In the entries that follow, find the word "Images" and report each line it is on.

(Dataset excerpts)
== Segment start ==
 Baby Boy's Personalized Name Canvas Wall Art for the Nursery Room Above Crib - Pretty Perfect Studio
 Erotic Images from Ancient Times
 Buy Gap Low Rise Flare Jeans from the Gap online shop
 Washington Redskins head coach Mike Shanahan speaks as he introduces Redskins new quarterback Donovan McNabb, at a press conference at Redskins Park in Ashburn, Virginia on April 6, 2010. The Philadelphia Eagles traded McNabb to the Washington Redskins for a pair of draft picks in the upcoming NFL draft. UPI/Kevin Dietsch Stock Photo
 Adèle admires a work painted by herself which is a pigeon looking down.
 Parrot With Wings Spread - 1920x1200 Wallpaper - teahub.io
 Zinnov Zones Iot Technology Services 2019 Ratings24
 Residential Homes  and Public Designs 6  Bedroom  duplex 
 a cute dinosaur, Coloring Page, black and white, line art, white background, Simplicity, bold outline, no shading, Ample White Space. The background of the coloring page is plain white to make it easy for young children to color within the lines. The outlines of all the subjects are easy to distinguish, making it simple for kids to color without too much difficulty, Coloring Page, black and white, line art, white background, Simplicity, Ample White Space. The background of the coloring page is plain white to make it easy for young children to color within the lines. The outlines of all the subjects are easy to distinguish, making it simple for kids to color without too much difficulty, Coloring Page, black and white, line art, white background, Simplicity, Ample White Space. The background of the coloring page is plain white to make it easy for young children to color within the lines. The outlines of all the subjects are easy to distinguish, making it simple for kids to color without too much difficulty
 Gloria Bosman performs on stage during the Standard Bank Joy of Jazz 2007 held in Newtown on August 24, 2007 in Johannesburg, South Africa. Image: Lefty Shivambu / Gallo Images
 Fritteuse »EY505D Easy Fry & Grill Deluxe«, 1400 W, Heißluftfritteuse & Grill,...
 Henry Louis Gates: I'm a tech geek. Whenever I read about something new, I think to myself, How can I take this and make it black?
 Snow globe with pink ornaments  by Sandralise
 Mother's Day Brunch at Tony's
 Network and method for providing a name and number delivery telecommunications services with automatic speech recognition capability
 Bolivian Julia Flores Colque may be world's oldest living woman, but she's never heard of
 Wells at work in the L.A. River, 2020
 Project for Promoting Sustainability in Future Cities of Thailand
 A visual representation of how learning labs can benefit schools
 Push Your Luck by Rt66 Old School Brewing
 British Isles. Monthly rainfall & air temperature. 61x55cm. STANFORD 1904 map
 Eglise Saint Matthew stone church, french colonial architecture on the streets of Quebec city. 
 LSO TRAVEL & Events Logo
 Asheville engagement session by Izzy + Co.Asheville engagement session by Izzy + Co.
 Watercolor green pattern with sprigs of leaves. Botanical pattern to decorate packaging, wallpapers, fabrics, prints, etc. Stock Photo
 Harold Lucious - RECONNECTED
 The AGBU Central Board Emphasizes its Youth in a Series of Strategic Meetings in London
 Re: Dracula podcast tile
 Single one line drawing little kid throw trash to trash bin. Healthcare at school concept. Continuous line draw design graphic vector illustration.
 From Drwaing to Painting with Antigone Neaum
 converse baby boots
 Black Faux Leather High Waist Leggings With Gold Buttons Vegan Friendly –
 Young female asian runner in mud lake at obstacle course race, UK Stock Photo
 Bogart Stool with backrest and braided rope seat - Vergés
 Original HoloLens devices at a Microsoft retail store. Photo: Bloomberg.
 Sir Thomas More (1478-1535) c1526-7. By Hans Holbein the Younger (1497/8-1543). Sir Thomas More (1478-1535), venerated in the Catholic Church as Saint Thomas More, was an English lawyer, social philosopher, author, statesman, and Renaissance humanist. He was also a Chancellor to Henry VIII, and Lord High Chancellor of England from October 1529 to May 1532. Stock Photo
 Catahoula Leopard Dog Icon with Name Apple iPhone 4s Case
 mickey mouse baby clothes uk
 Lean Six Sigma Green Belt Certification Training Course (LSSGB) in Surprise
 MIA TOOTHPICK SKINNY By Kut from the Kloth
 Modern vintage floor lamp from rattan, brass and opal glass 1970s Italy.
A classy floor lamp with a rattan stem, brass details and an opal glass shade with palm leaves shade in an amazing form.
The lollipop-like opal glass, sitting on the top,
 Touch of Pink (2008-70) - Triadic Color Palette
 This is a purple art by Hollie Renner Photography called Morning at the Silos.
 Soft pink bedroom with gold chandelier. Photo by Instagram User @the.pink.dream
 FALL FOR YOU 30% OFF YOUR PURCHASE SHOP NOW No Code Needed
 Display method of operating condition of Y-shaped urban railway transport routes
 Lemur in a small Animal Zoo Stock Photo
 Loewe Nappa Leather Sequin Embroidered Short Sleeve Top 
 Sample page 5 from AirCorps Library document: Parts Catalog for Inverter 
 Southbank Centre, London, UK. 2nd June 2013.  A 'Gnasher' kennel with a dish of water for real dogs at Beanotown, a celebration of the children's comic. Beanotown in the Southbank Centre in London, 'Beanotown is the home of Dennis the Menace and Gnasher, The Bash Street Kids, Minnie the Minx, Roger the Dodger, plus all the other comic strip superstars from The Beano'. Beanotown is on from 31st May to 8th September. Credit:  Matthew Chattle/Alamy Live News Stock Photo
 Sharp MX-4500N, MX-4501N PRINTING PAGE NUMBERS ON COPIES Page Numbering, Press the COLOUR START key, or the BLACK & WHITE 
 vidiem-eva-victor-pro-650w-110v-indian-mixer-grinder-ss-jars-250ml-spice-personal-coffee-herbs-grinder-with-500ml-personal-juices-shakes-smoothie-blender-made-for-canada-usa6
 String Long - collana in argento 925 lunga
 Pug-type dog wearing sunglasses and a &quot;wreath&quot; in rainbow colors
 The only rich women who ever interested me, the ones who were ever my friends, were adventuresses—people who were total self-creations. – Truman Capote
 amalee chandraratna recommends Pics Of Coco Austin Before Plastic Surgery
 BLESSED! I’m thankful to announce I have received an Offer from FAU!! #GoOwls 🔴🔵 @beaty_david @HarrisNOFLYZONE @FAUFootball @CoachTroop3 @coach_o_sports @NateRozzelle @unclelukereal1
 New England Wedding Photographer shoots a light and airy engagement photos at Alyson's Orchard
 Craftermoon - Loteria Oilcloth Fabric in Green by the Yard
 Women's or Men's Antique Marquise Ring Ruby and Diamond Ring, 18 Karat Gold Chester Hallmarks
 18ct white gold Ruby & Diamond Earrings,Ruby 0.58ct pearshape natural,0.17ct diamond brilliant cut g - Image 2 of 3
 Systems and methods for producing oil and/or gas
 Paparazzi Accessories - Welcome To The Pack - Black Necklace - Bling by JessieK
== Segment end ==
**Task result**
 Erotic Images from Ancient Times
 Gloria Bosman performs on stage during the Standard Bank Joy of Jazz 2007 held in Newtown on August 24, 2007 in Johannesburg, South Africa. Image: Lefty Shivambu / Gallo Images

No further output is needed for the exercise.